Recorded data:
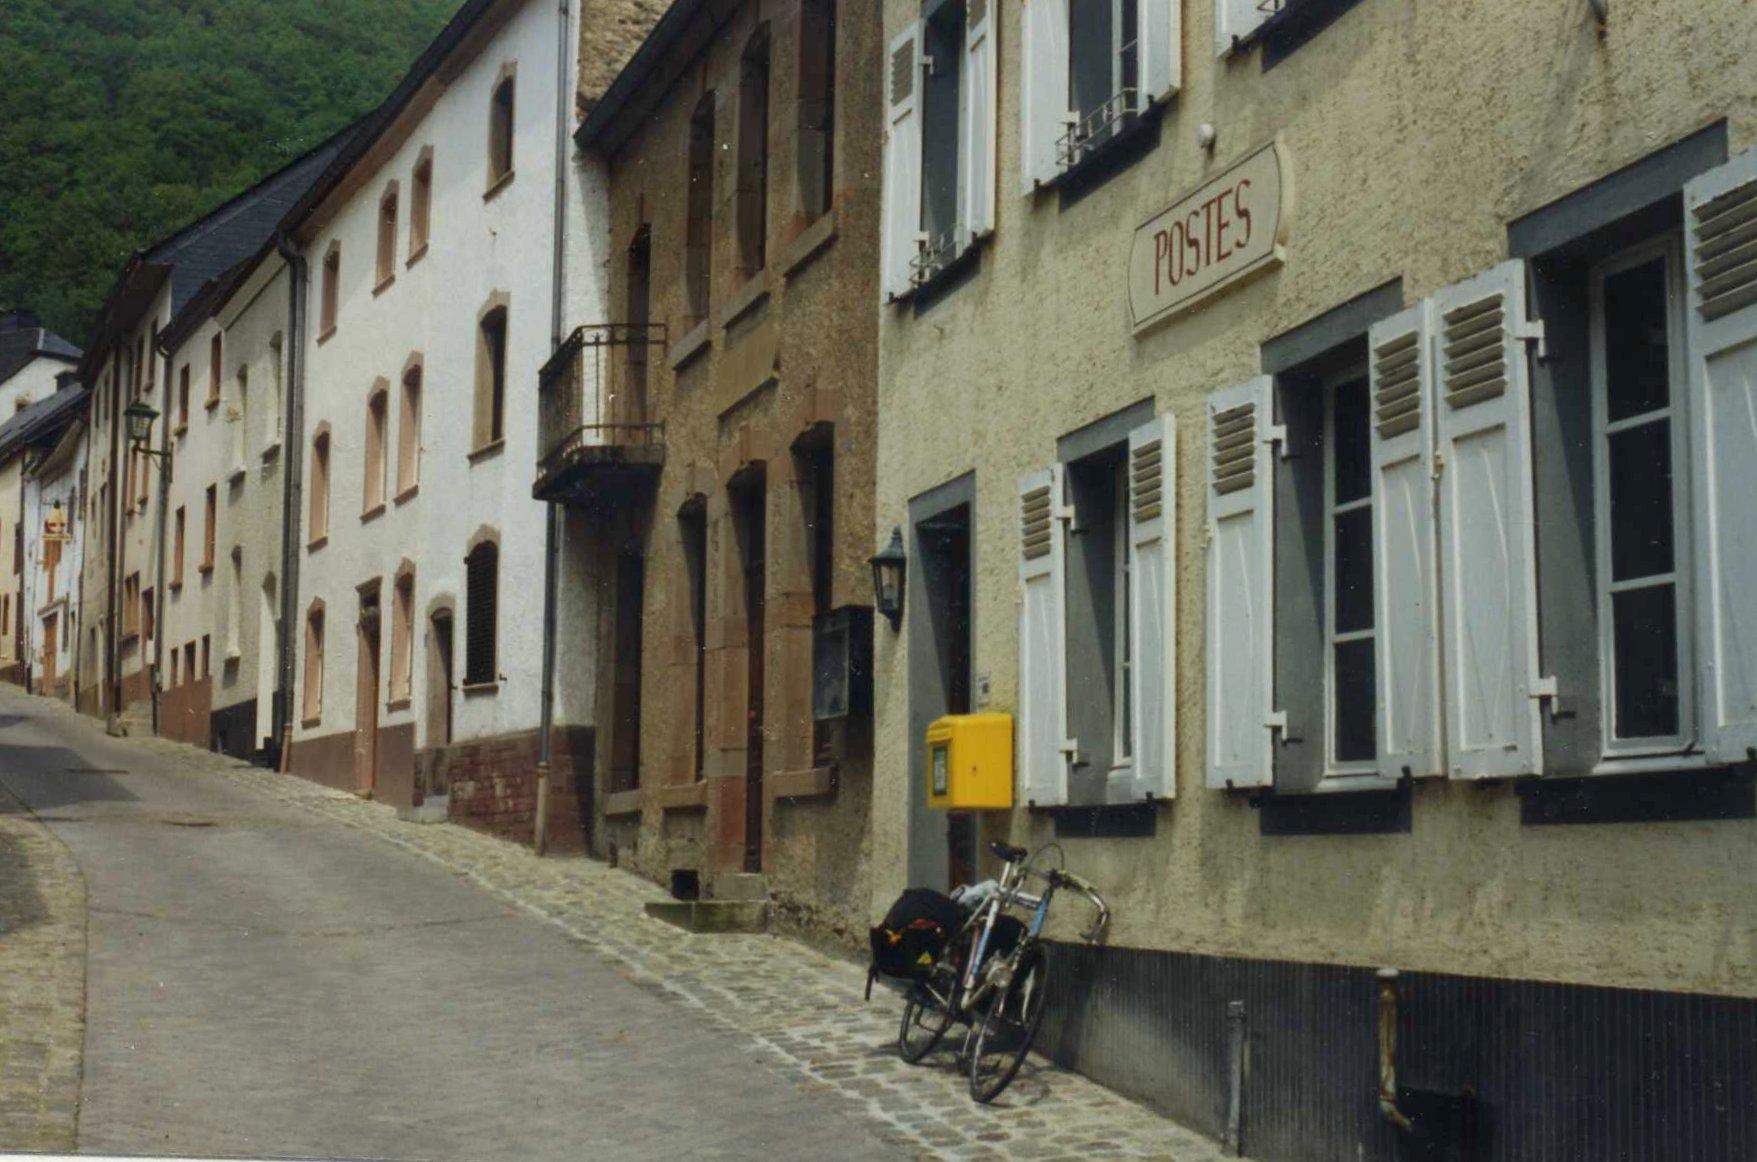 bureau de poste gare du luxembourg. Black Bedroom Furniture Sets. Home Design Ideas
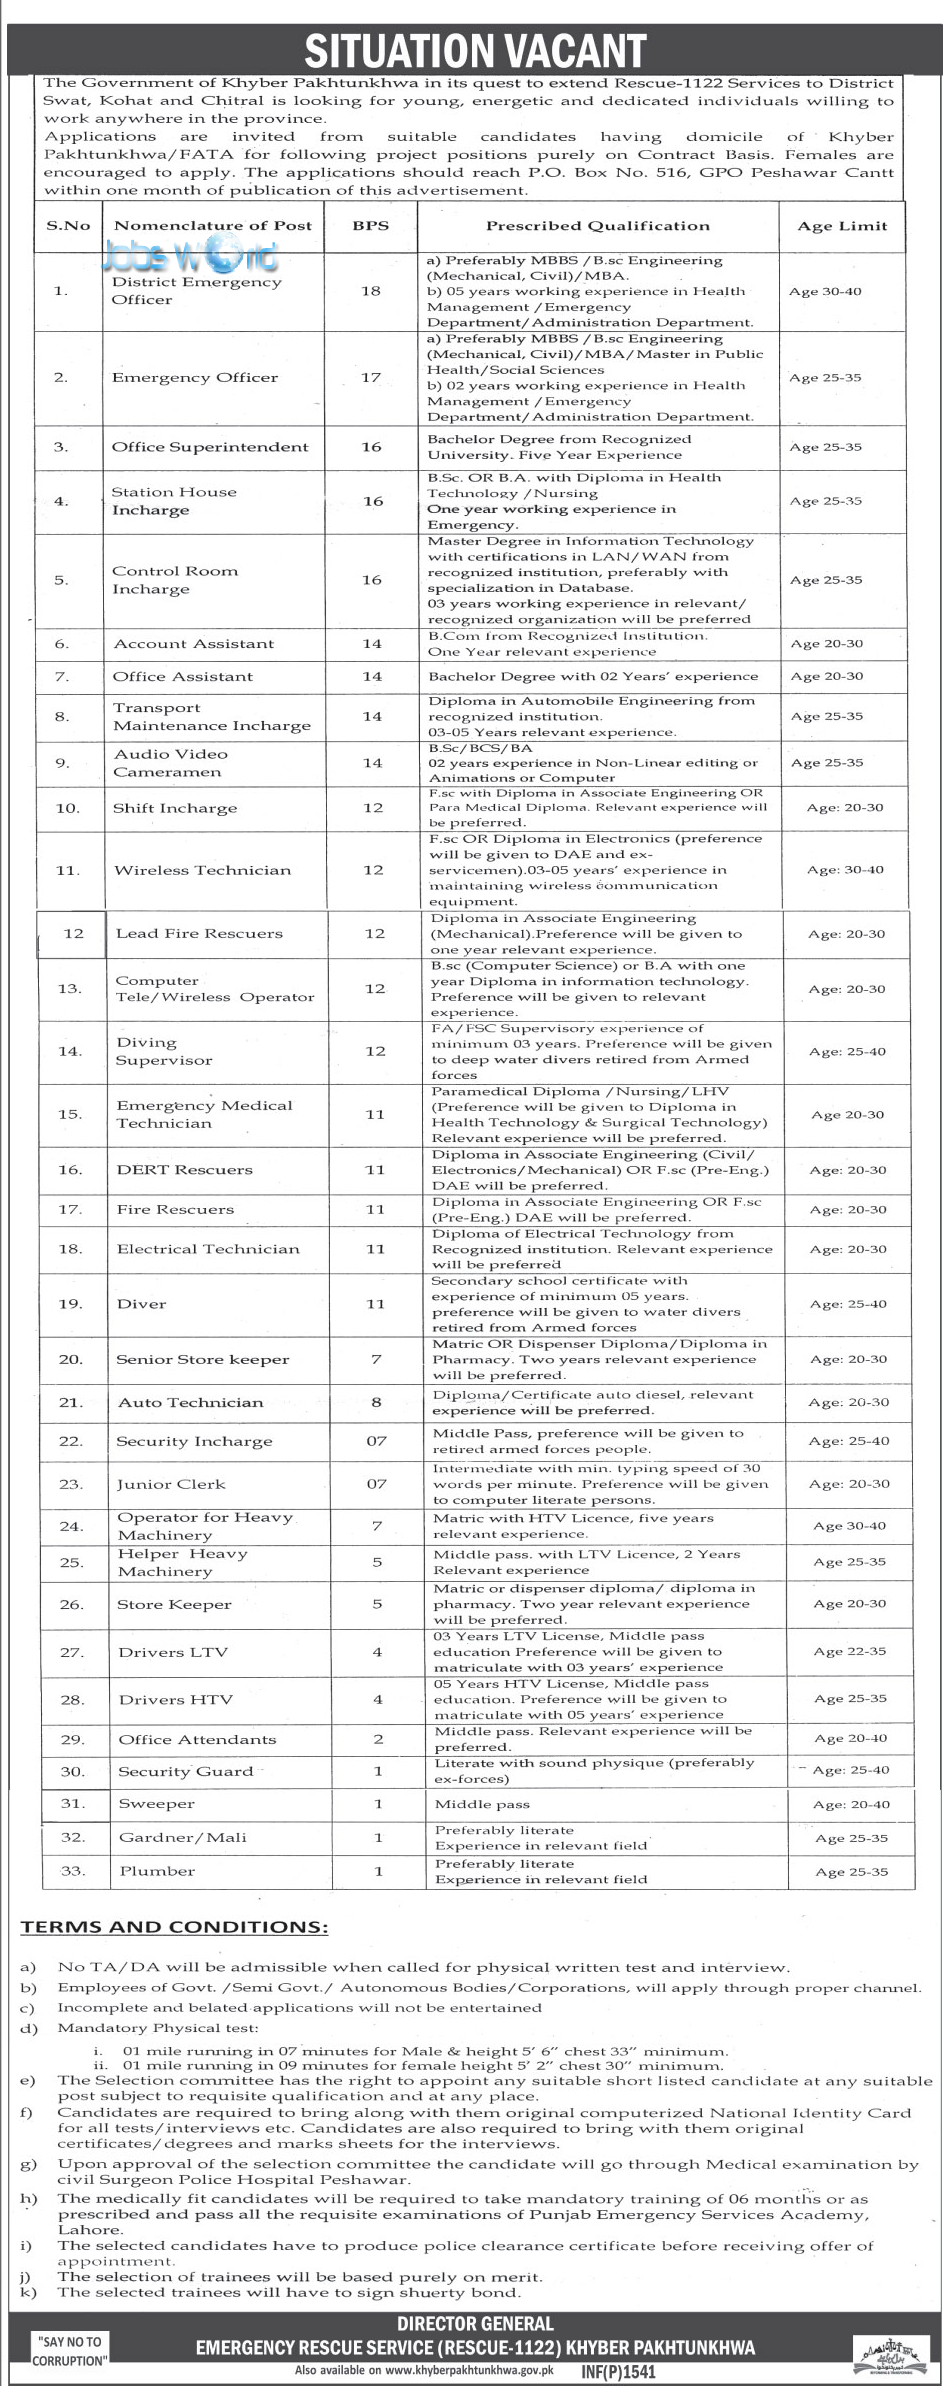 kpk rescue 1122 jobs 2016 application form advertisement jobsworld
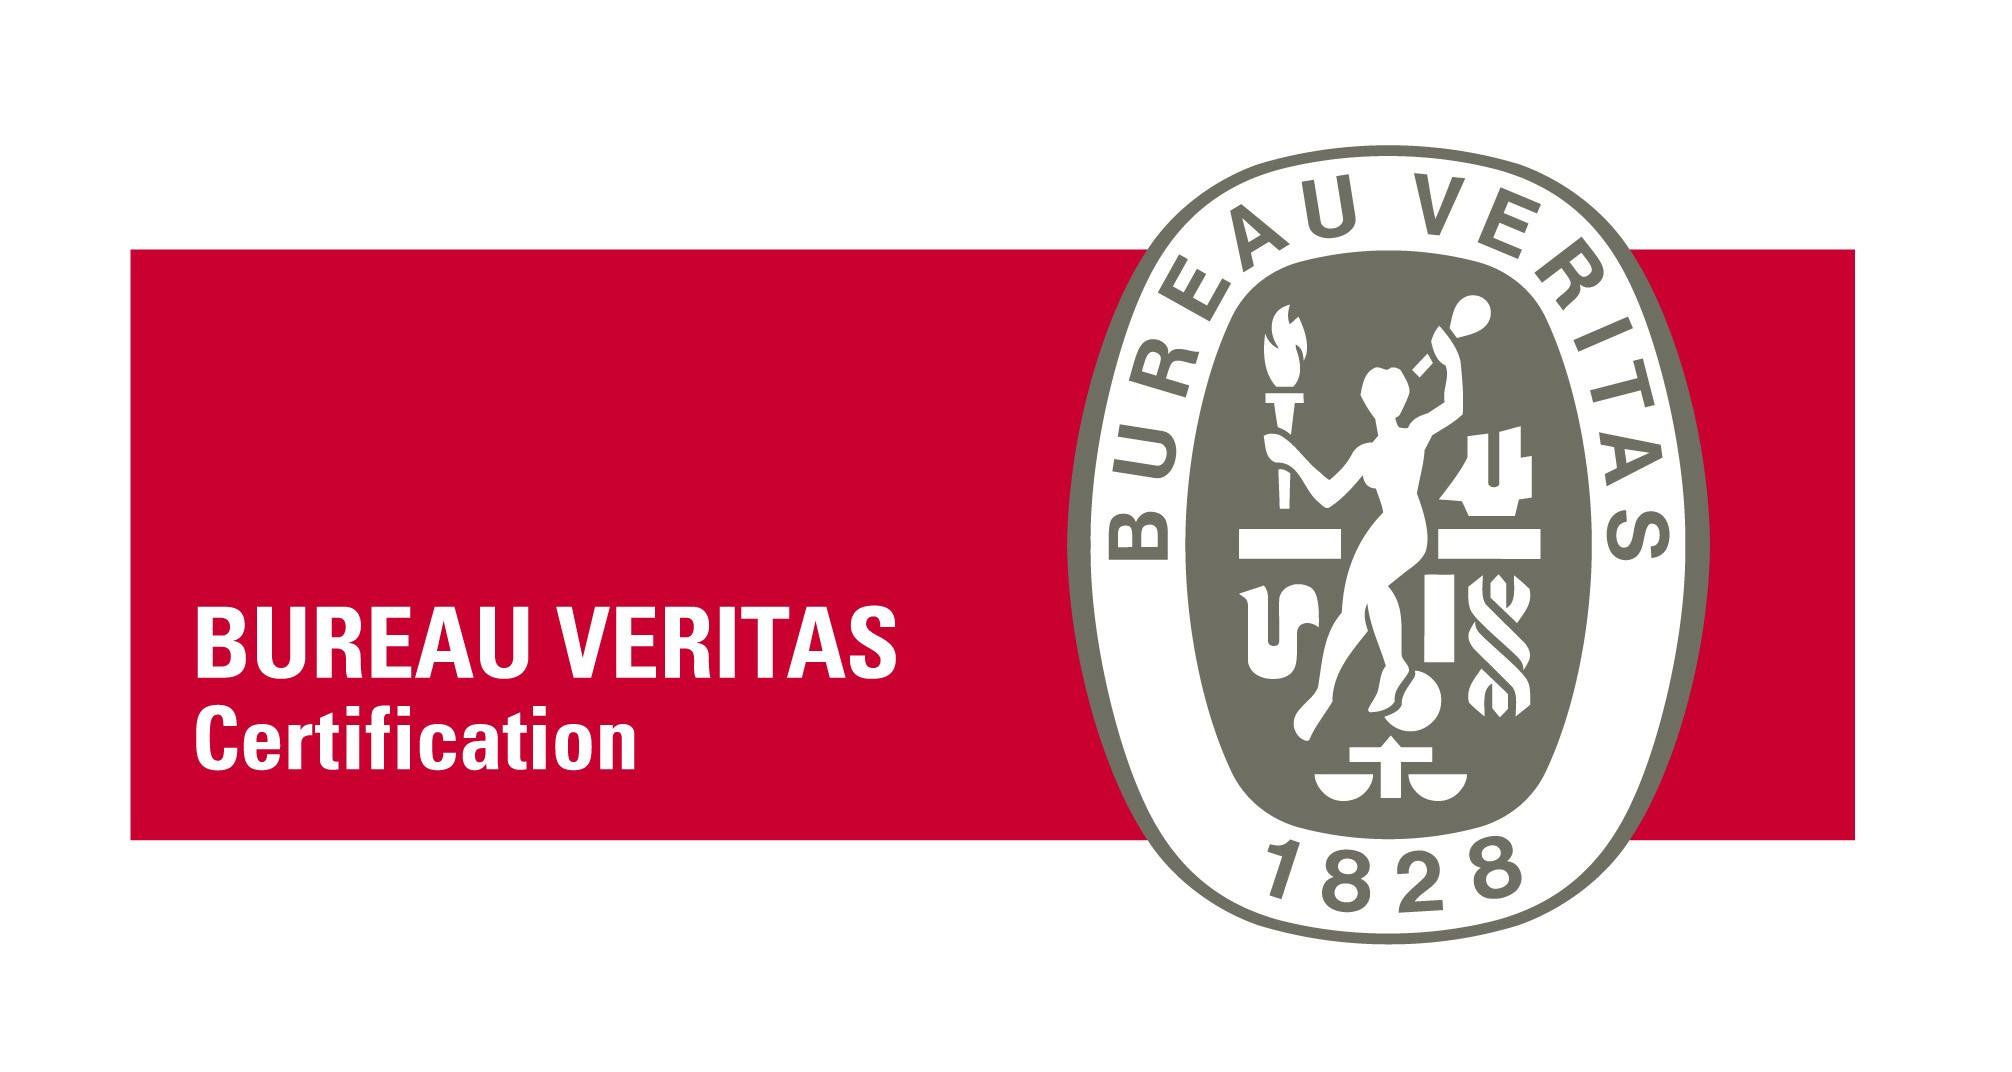 ISO 9001:2008 – Bureau Veritas

The task: Each line of the data needs to be output exactly, with any image excluded.

Reply to the task:
 bureau de poste gare du luxembourg. Black Bedroom Furniture Sets. Home Design Ideas
 kpk rescue 1122 jobs 2016 application form advertisement jobsworld
 ISO 9001:2008 – Bureau Veritas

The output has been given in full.